■ Instructions to follow
Go to the line below containing "AJOTO gold plated" and print exactly from there through the line containing "Le Jardin Fruit Lime", both included. Print nothing else.

###

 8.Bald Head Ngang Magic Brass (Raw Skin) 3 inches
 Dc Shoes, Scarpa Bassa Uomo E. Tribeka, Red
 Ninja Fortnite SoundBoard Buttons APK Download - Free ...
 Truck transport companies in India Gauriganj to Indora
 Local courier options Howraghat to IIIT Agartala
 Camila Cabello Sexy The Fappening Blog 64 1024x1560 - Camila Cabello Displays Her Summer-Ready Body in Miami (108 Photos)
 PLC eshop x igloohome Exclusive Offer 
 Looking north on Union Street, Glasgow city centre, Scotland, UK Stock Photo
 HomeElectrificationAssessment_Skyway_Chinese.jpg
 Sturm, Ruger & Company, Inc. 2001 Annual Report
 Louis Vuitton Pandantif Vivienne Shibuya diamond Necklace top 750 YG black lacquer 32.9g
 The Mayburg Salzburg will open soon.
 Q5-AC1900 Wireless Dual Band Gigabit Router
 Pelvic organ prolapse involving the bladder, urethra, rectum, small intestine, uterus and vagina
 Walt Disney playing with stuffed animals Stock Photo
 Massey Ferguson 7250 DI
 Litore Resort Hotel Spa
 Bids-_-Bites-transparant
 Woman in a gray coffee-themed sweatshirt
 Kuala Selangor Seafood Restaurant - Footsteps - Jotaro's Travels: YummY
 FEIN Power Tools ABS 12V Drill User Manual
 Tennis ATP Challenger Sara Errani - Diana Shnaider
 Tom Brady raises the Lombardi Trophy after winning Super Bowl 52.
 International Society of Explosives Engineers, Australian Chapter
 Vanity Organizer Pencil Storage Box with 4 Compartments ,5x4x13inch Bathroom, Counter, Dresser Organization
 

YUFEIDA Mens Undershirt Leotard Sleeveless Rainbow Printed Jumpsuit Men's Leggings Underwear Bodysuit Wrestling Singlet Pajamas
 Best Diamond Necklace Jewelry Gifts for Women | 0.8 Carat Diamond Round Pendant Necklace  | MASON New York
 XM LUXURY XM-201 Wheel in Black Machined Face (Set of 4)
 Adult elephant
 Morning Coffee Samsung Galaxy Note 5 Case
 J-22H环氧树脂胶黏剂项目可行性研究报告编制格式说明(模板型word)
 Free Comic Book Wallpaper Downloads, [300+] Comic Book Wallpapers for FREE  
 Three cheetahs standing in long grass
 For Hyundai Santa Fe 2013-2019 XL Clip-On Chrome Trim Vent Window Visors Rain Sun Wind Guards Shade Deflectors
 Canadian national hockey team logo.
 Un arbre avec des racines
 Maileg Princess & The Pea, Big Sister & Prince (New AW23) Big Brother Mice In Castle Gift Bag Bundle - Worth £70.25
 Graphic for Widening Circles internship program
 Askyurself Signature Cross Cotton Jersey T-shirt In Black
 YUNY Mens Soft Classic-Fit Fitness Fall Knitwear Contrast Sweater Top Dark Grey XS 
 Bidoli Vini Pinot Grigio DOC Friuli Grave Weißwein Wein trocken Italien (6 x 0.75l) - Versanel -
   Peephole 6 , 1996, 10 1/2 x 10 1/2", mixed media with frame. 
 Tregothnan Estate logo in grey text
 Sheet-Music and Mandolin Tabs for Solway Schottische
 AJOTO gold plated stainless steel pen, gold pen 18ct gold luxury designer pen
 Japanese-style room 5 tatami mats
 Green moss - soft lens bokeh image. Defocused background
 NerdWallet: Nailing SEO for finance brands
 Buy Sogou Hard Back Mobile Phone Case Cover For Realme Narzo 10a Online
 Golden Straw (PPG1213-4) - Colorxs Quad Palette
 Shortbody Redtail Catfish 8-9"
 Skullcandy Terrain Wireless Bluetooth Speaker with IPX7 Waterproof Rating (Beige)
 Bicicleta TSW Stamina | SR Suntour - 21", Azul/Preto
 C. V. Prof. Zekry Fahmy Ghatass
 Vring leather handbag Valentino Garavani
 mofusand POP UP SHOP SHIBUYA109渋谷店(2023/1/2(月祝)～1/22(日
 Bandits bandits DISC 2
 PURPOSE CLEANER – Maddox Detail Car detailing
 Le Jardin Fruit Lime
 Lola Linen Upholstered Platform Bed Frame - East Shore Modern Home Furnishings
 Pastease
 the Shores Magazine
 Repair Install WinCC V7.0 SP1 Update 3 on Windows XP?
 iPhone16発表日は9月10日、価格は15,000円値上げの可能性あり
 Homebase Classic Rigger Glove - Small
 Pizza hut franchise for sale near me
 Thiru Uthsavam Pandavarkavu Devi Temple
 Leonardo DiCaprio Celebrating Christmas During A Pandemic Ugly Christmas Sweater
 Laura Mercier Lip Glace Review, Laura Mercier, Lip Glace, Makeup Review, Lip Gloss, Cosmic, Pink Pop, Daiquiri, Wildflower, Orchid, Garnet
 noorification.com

###

■ Completed exercise
 AJOTO gold plated stainless steel pen, gold pen 18ct gold luxury designer pen
 Japanese-style room 5 tatami mats
 Green moss - soft lens bokeh image. Defocused background
 NerdWallet: Nailing SEO for finance brands
 Buy Sogou Hard Back Mobile Phone Case Cover For Realme Narzo 10a Online
 Golden Straw (PPG1213-4) - Colorxs Quad Palette
 Shortbody Redtail Catfish 8-9"
 Skullcandy Terrain Wireless Bluetooth Speaker with IPX7 Waterproof Rating (Beige)
 Bicicleta TSW Stamina | SR Suntour - 21", Azul/Preto
 C. V. Prof. Zekry Fahmy Ghatass
 Vring leather handbag Valentino Garavani
 mofusand POP UP SHOP SHIBUYA109渋谷店(2023/1/2(月祝)～1/22(日
 Bandits bandits DISC 2
 PURPOSE CLEANER – Maddox Detail Car detailing
 Le Jardin Fruit Lime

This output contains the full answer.